===== Entries shown =====

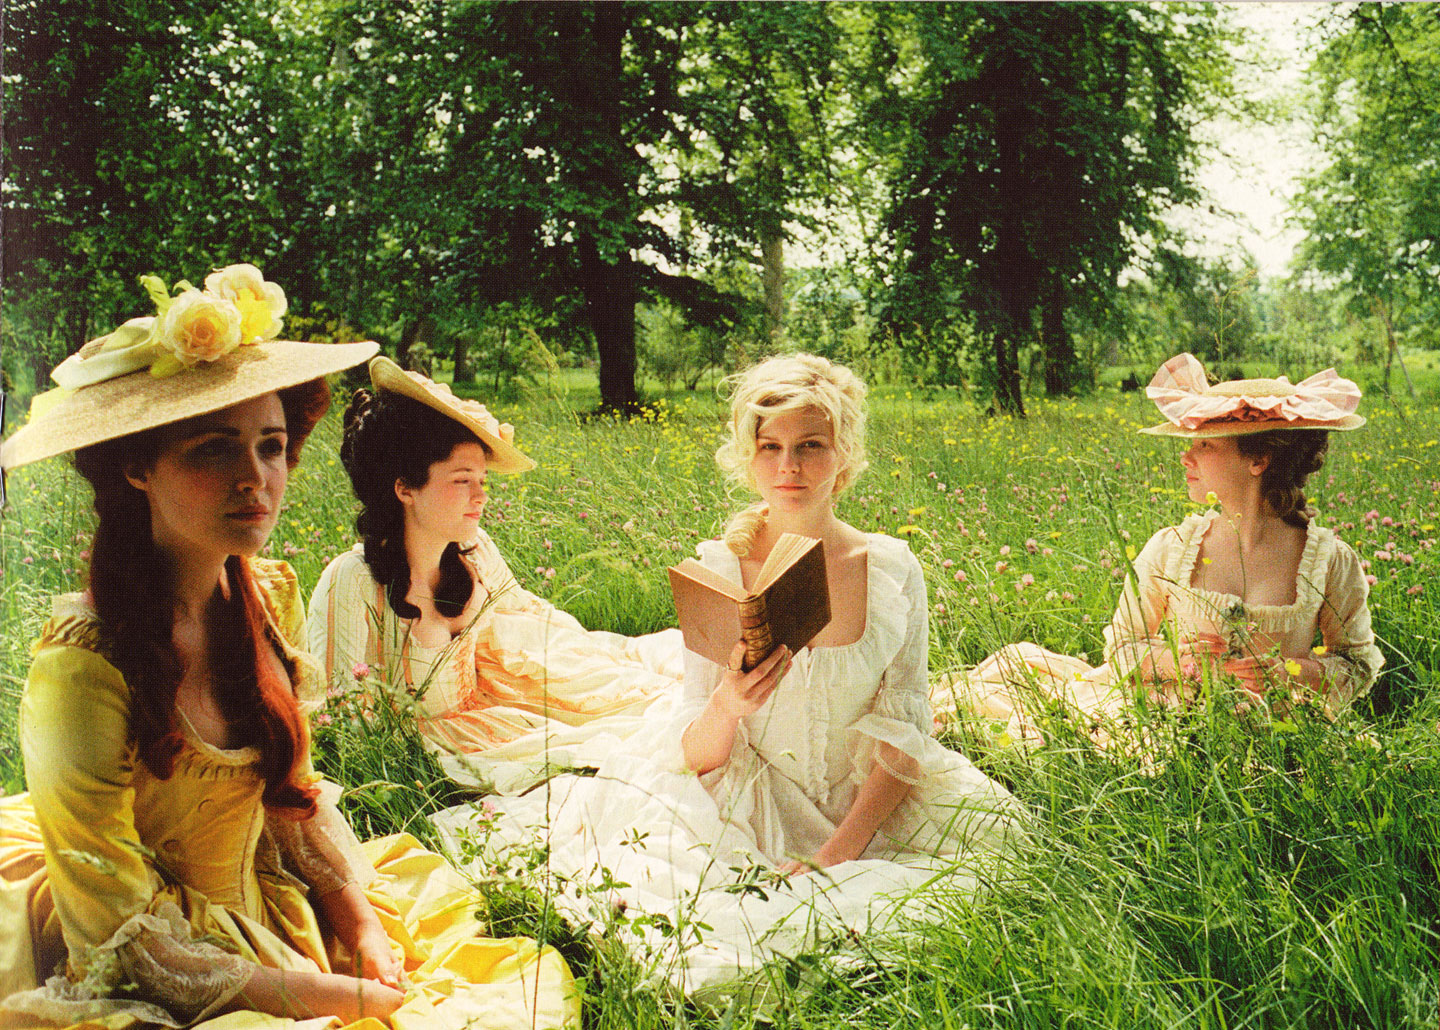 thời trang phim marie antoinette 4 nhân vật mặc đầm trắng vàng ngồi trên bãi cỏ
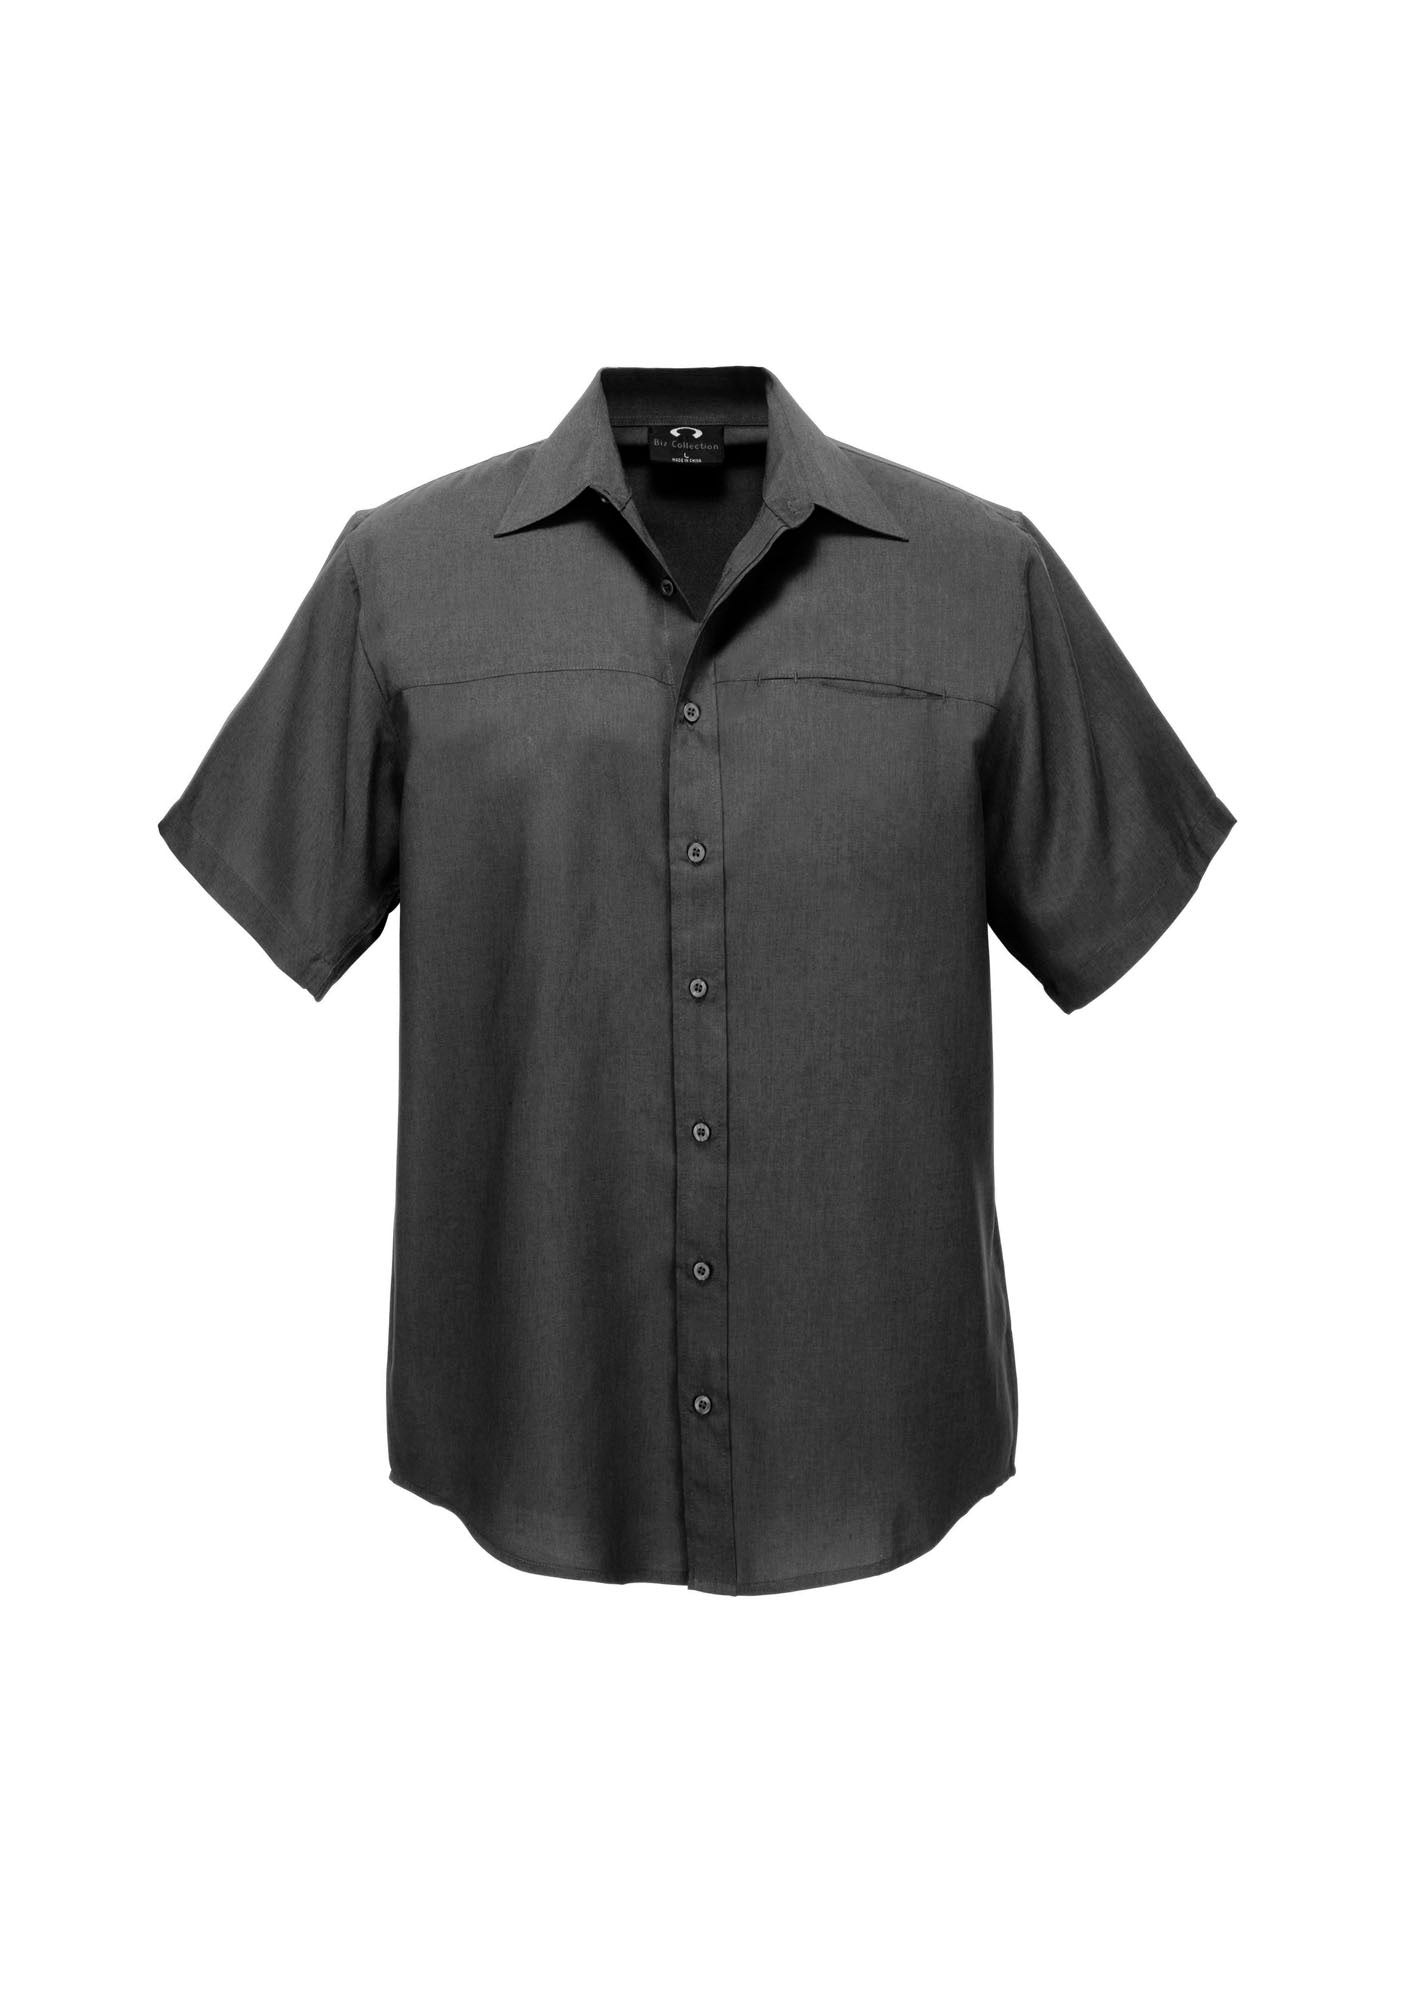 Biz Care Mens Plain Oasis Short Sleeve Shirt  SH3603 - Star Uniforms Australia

=====
===== Entries shown =====

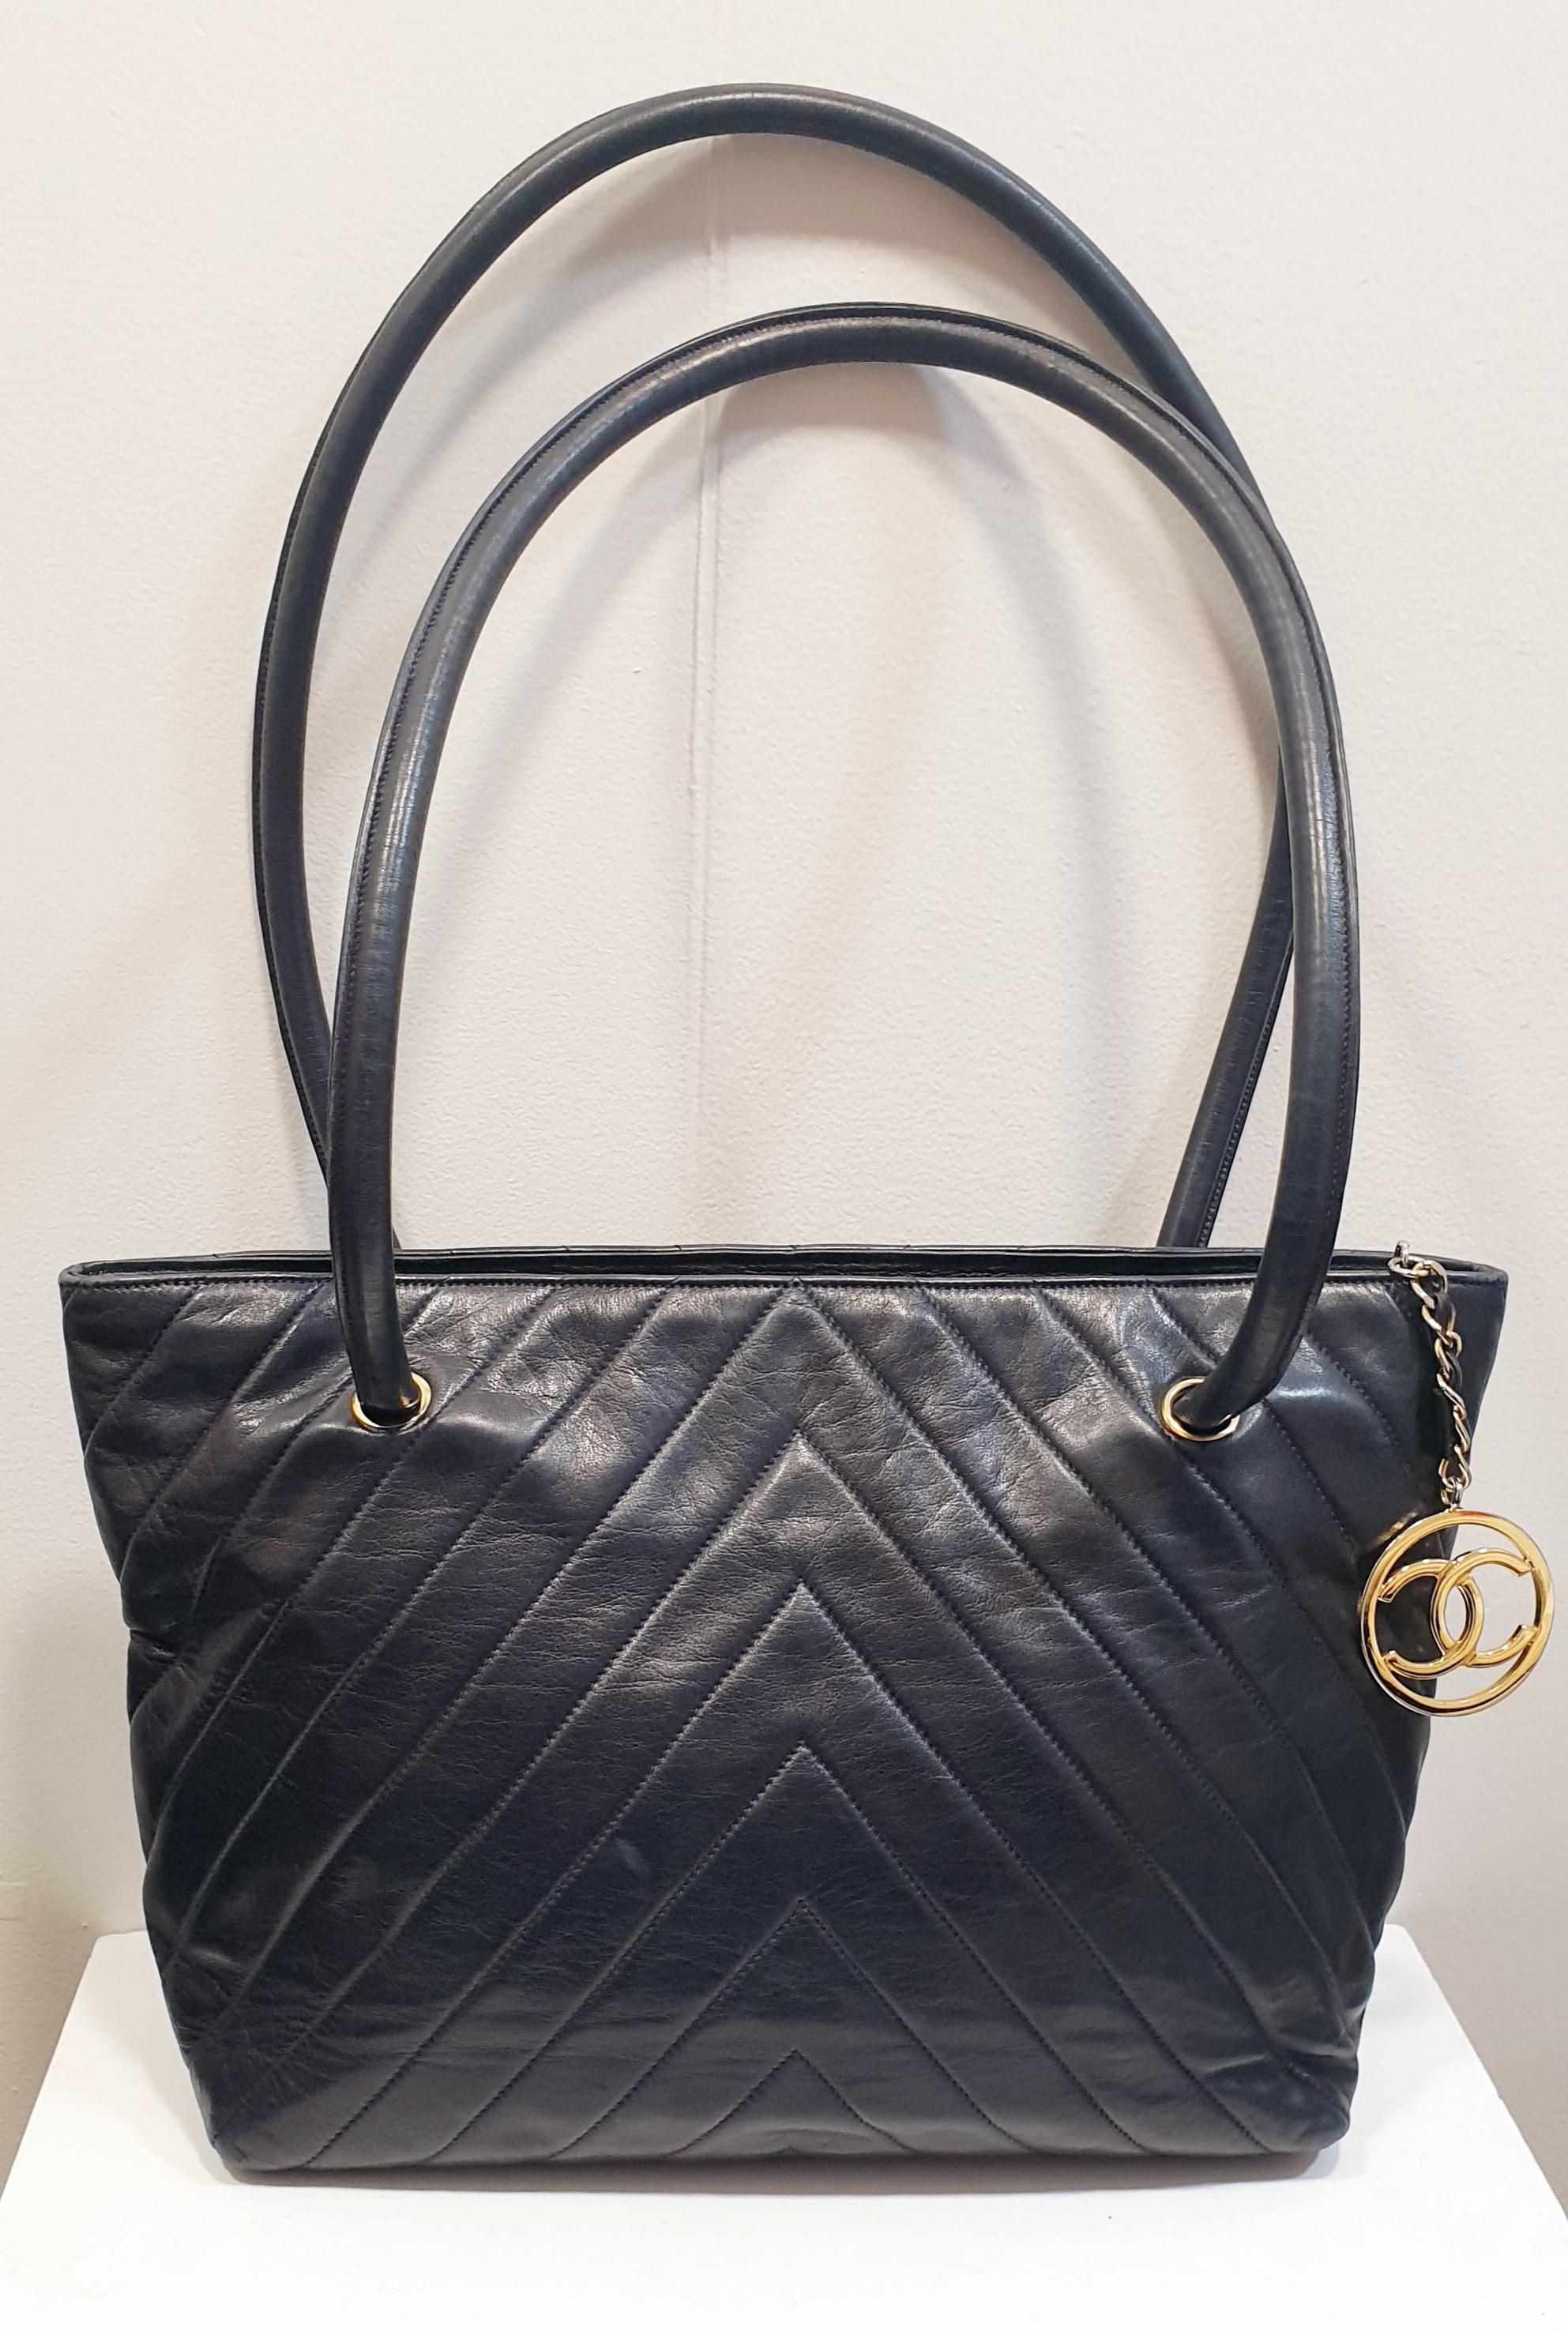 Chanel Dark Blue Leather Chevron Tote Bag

=====
===== Entries shown =====

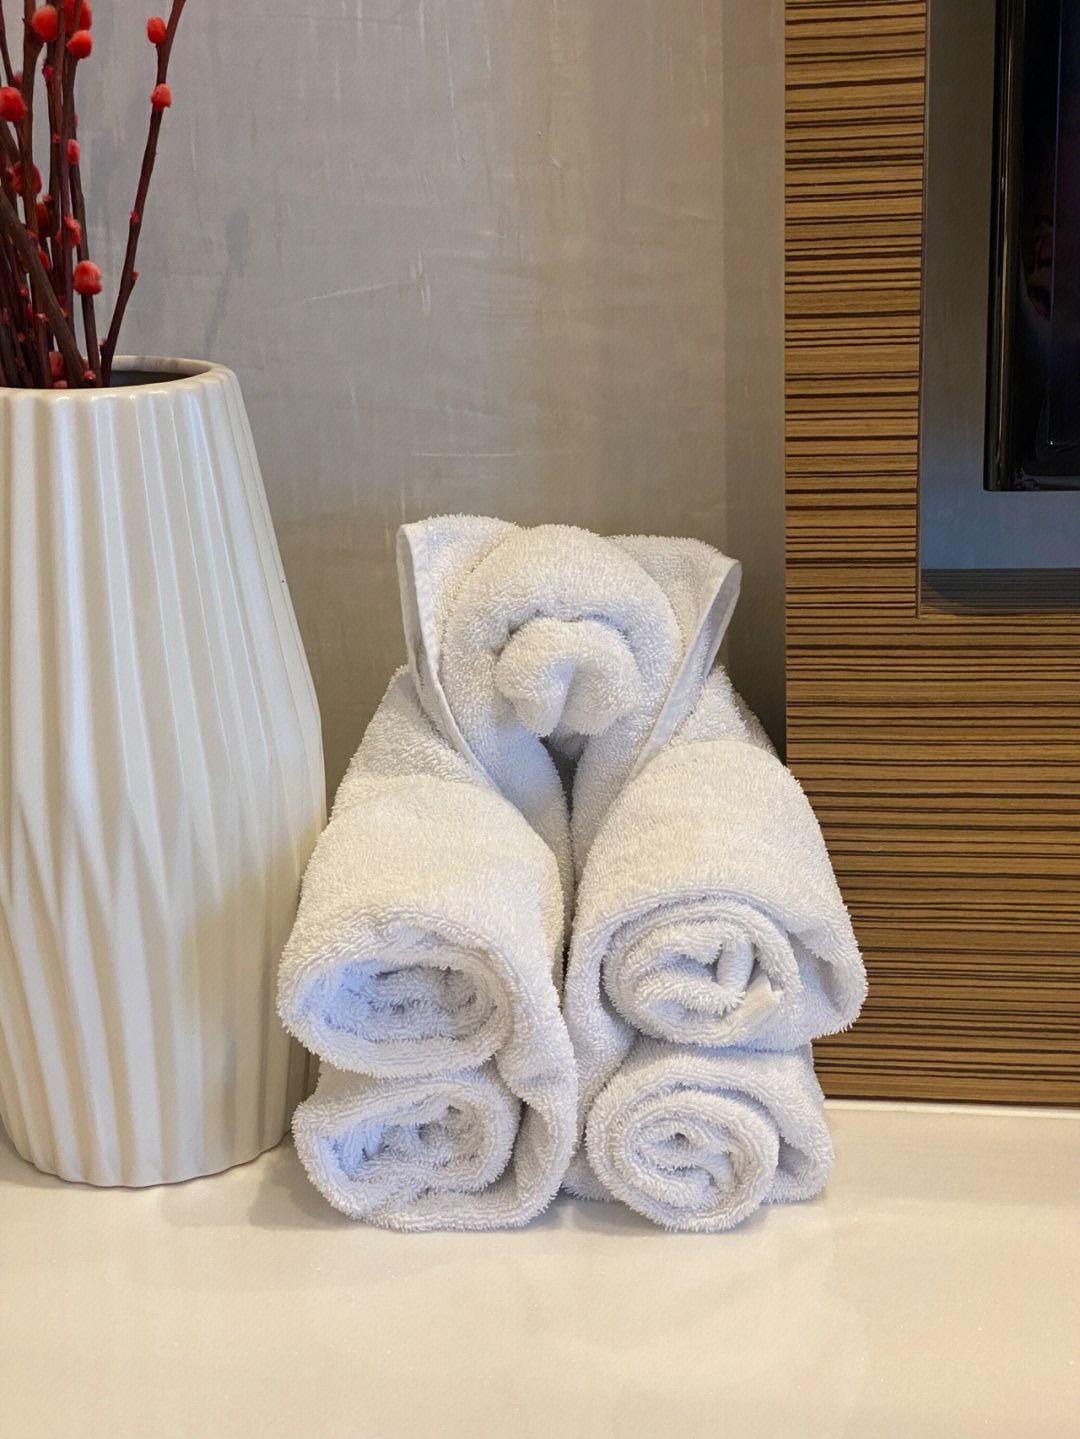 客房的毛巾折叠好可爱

=====

▶ [Task instructions]: In the listing above, find the line containing "thời trang phim" and the line containing "Biz Care Mens". Print those two lines and every line between them exactly, with no pictures.

▶ [Result]:
 thời trang phim marie antoinette 4 nhân vật mặc đầm trắng vàng ngồi trên bãi cỏ
 Biz Care Mens Plain Oasis Short Sleeve Shirt  SH3603 - Star Uniforms Australia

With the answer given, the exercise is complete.